We saw how squaring a complex number can be simplified using trig, and we saw the same thing is true for multiplying any two complex numbers. In this blog post we'll explore how trigonometric form for complex numbers can help us take roots (cube roots, fourth roots, etc).

Before we get into taking roots of numbers, I'd like to point out something that you might not have realized: there are an infinite number of ways to write a complex number in cis form, because cos and sin are periodic functions:

rcis(xº) = rcis(xº + 360º) = rcis(xº + 720º) = etc.

Okay, tuck that information away in your memory banks; we'll get back to it shortly. Now let's talk about taking a cube root.

Let's suppose we wanted to take the cube root of the number 8...

"Well, that's silly," you might argue, "I already know the cube root of 8. It's TWO!"

Ah...but you only *think* you know. Bear with me, and I'll show you something interesting.

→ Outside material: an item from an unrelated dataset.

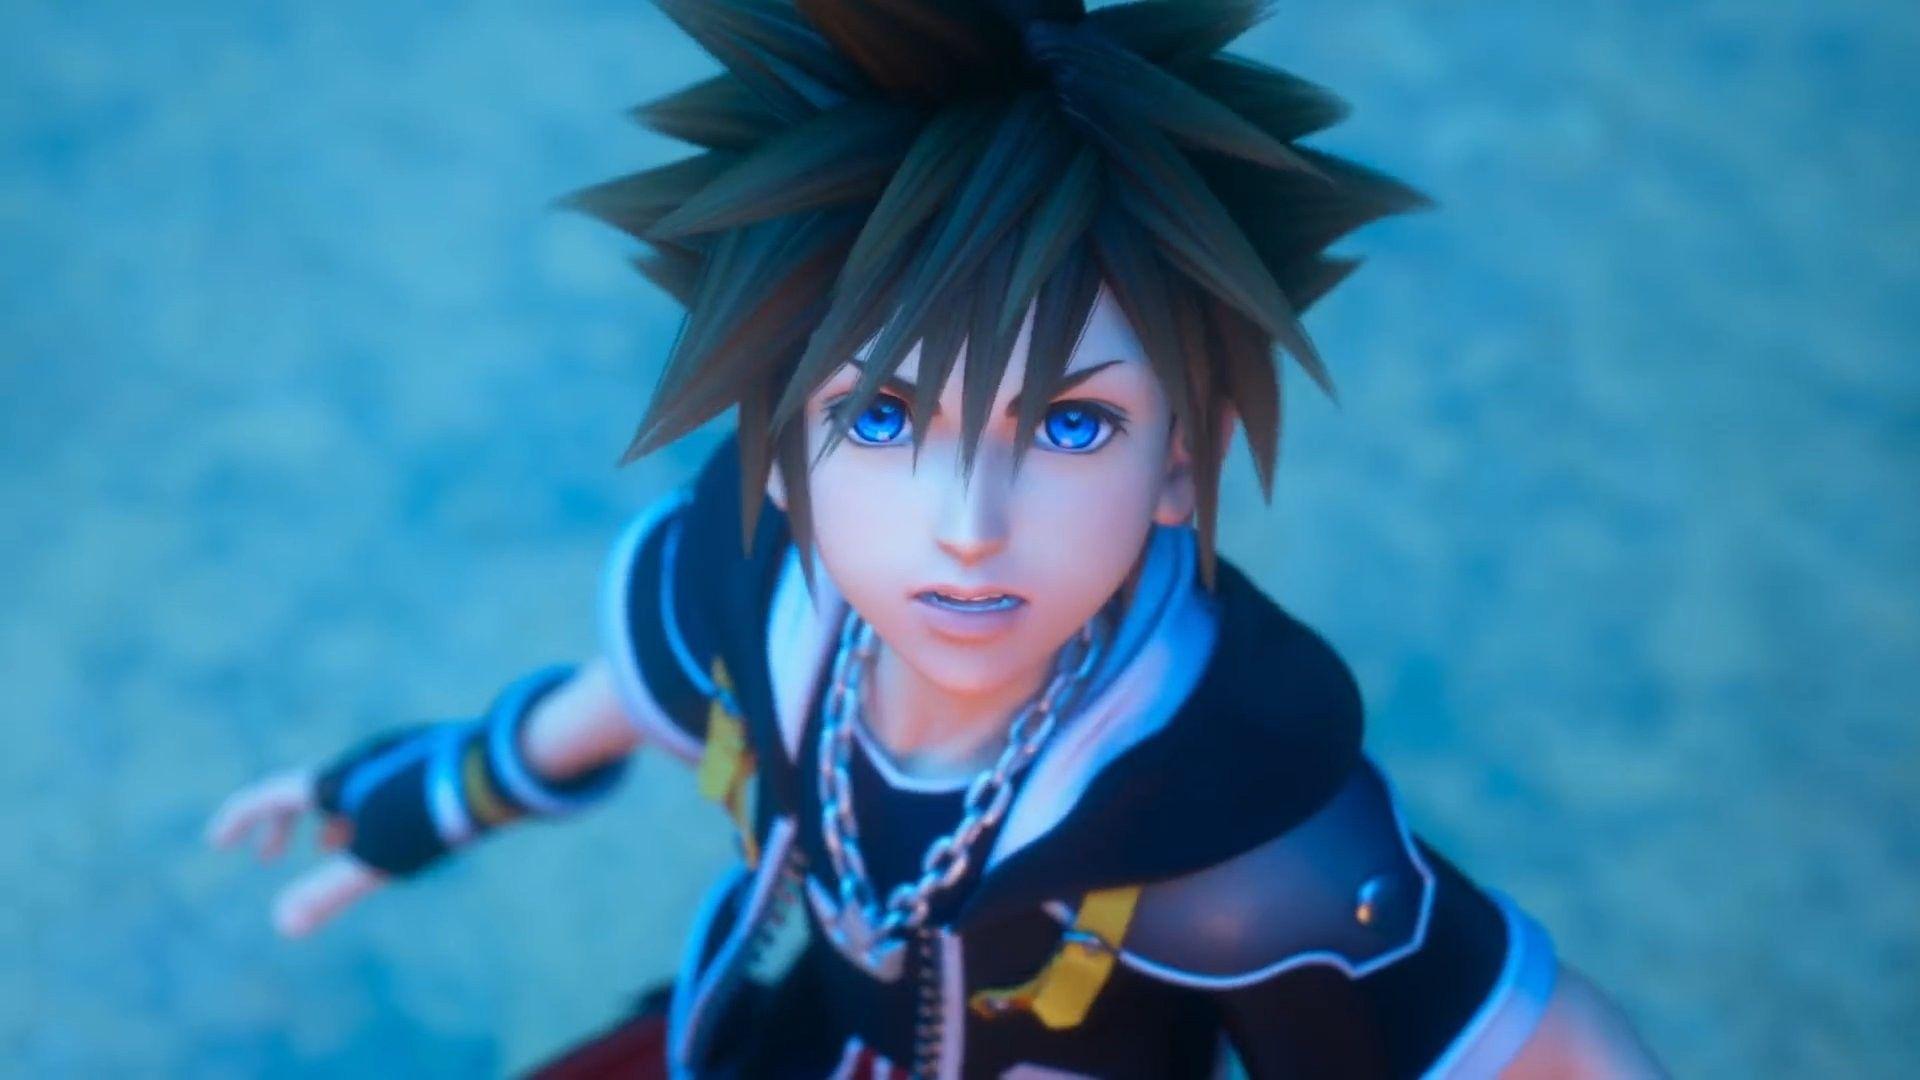 Pin By Chloe Kazama On Kingdom Hearts Kingdom Hearts 3 Kingdom Hearts Kingdom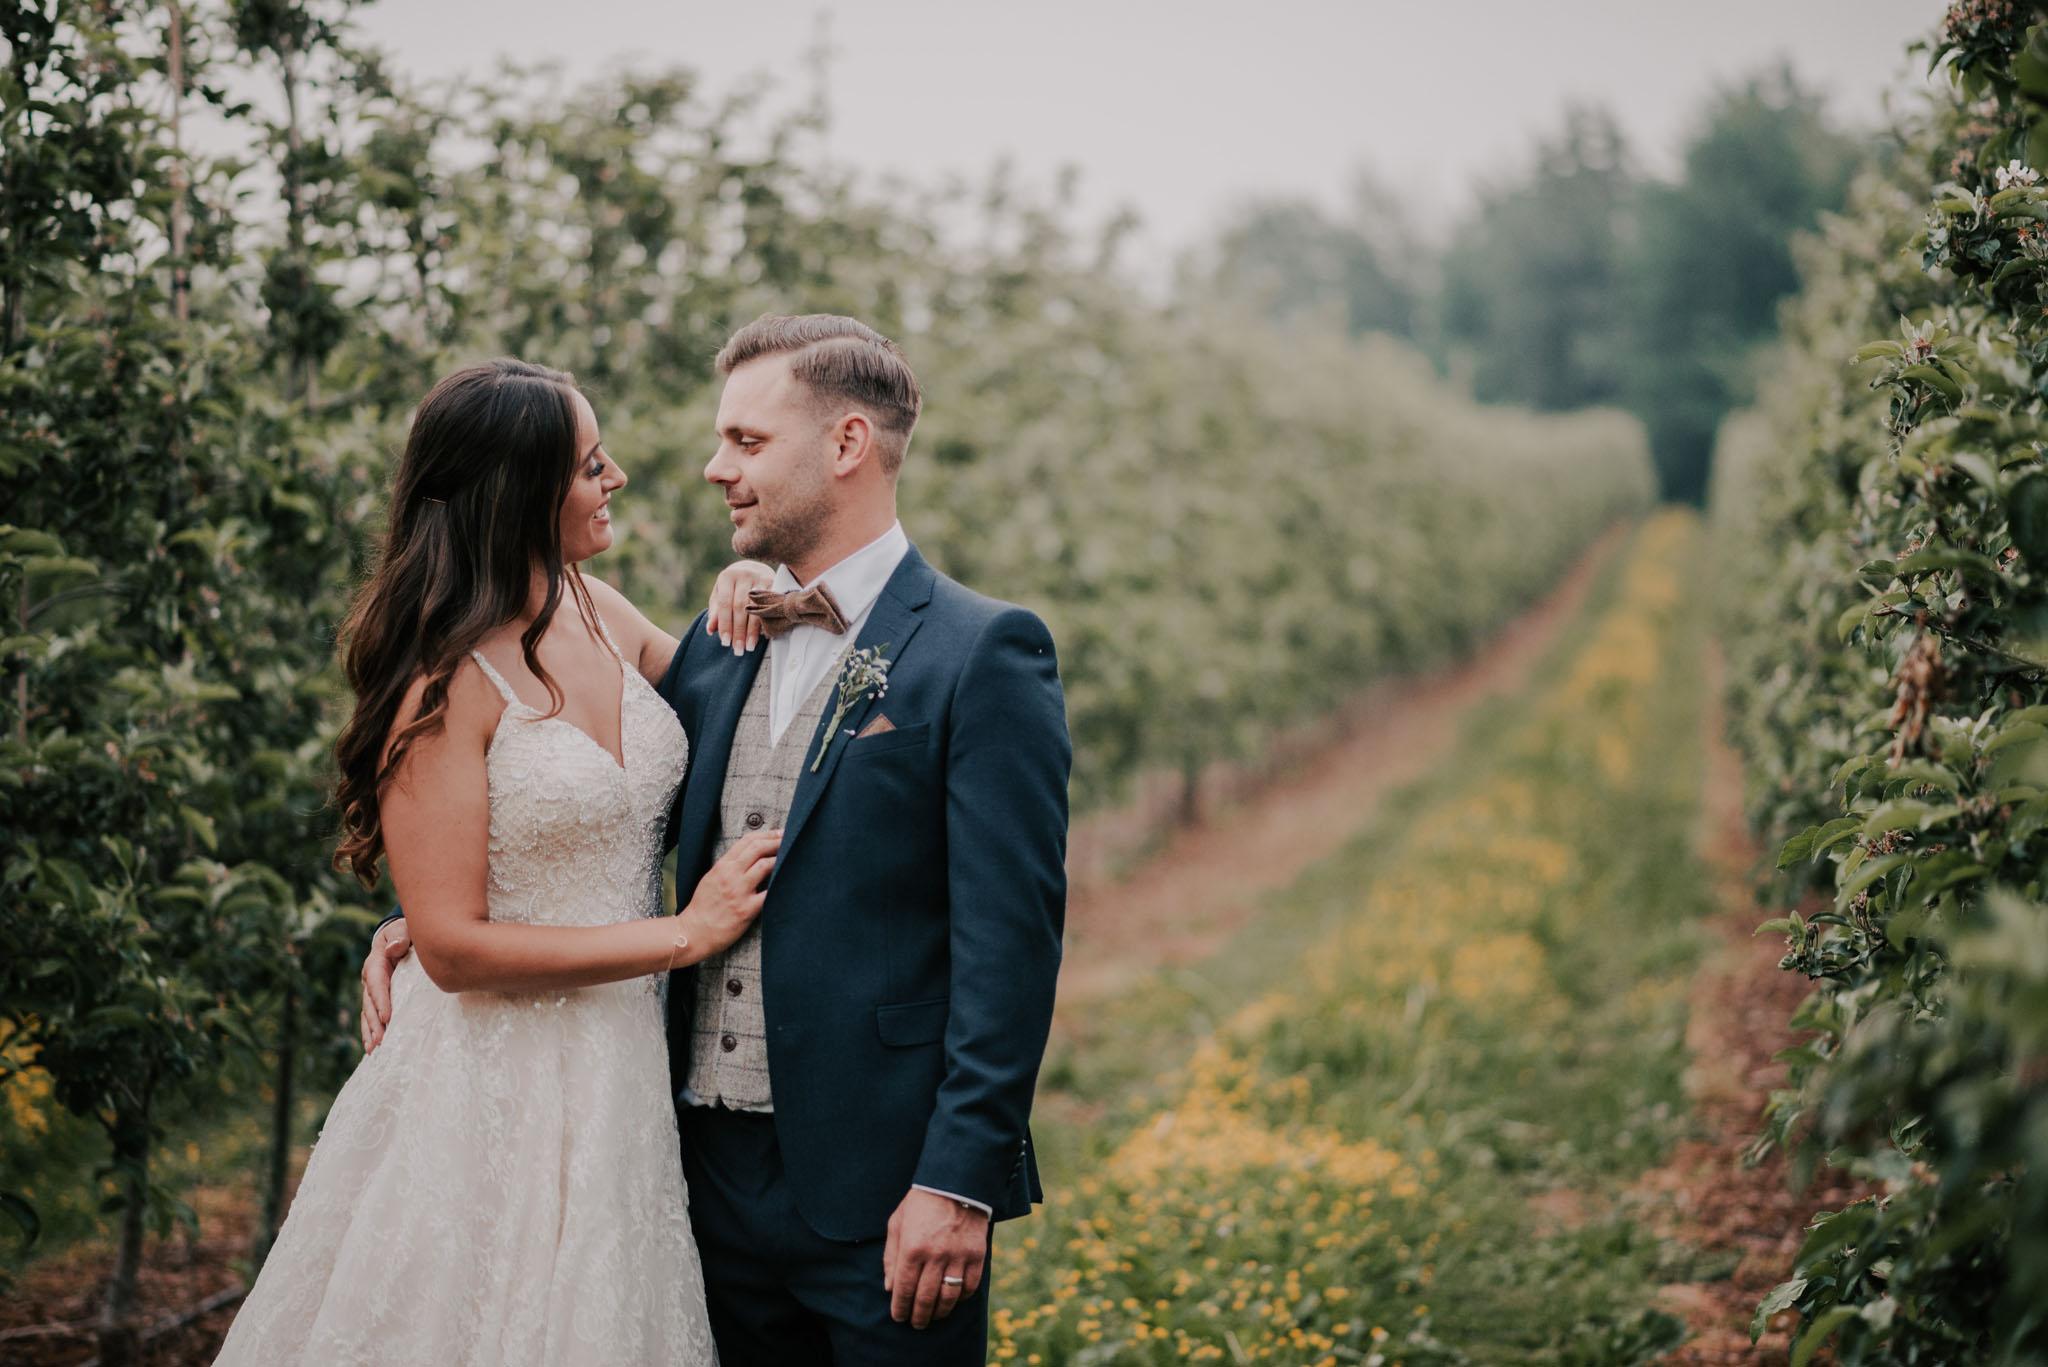 wedding-photographer-glewstone-court-hereford-scott-stockwell-photography453.jpg

How would you write 8 as a complex number? It's 8 + 0i. Which is the same as 8cis0º. Now we know from the previous post, that if rcisx cubed equals 8cis0º, then r^{3} = 8, and 3x = 0º. Or, since it's the same value, 3x = 360º, or 3x = 720º.

Thus, x = 0º, x = 120º, or x = 240º.

Therefore, the cube roots of 8cis0º are 2cis0º, 2cis120º, and 2cis120º.

But what are those numbers?

Well, 2cis0º is easy; it's just 2 + 0i = 2. "Ah ha!" you might say, "I told you it was two!"

Very good, but let's keep going:

2cis120º = 2cos120º + 2isin120º = -1 + 1.732i

2cis240º = 2cos240º + 2isin240º = -1 - 1.732i

So it turns out that 8 has three cube roots, and you found them using trigonometry!

It turns out that you could have found those roots algebraically, by setting up the following equation:

x^{3} = 8

x^{3} - 8 = 0

(x - 2)(x^{2} + 2x + 4) = 0

So either x - 2 = 0 or x^{2} + 2x + 4 = 0

The first equation gives us the root we expected: x = 2.

The second equation can be solved using the quadratic formula:

x = (-2 +/- 3.4641i)/2, which simplifies to:

x = -1 + 1.732i or x = -1 - 1.732i

We obtain the same result algebraically as we did using trigonometry. You might argue that it was easier to use the algebraic method, but that's only because you know how to factor x^{3} - 8, and the factors are a linear factor and a quadratic. But suppose I'd asked you to find the fifth root of 32...what would you have done then? Or what if I'd asked you to find the cube root of 1 - 2i?

In these cases, algebraic solutions would be much more challenging, and the the trigonometry solution simplifies the process significantly.